Please transcribe exactly, and only, the lines of the data below between the line holding "Машина батар. 182-1/182-4" and the line holding "WWDC 2013 Badge", inclusive.

**SUPPLIED INFORMATION:**
****************

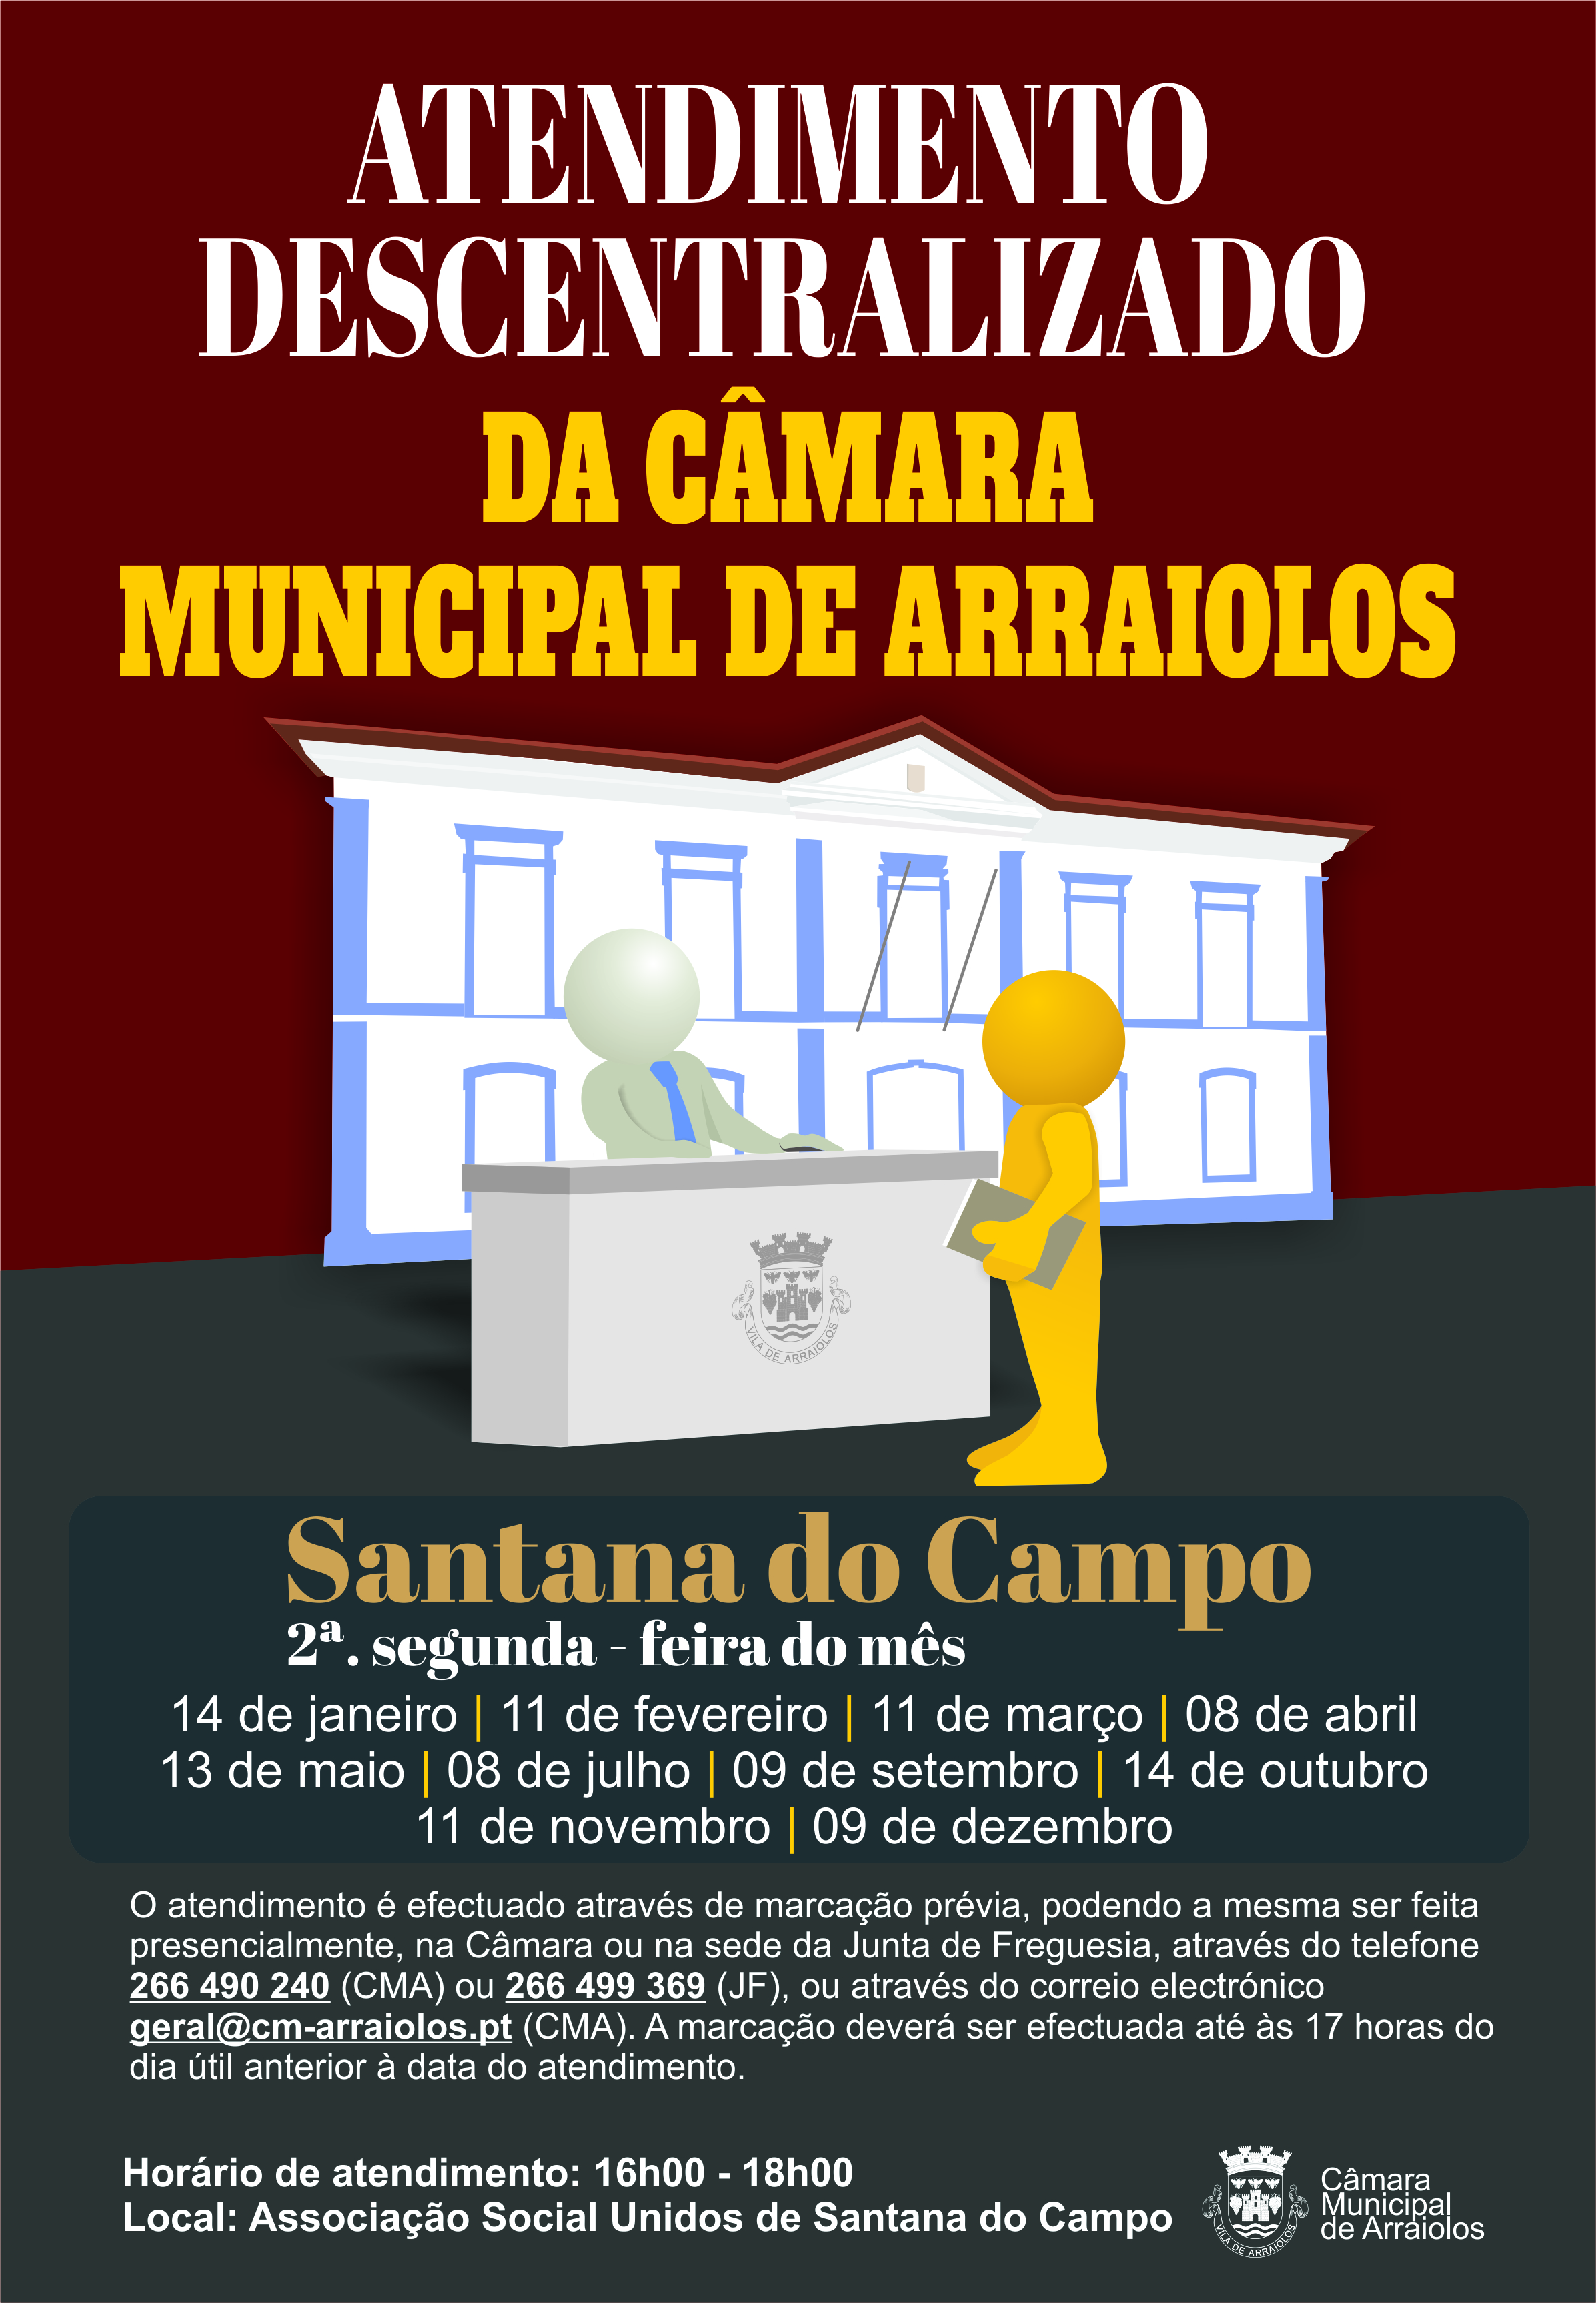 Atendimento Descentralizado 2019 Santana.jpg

****************

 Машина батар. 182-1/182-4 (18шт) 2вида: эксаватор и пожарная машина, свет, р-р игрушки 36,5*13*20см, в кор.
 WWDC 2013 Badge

****************

**WORKED SOLUTION:**
 Машина батар. 182-1/182-4 (18шт) 2вида: эксаватор и пожарная машина, свет, р-р игрушки 36,5*13*20см, в кор.
 WWDC 2013 Badge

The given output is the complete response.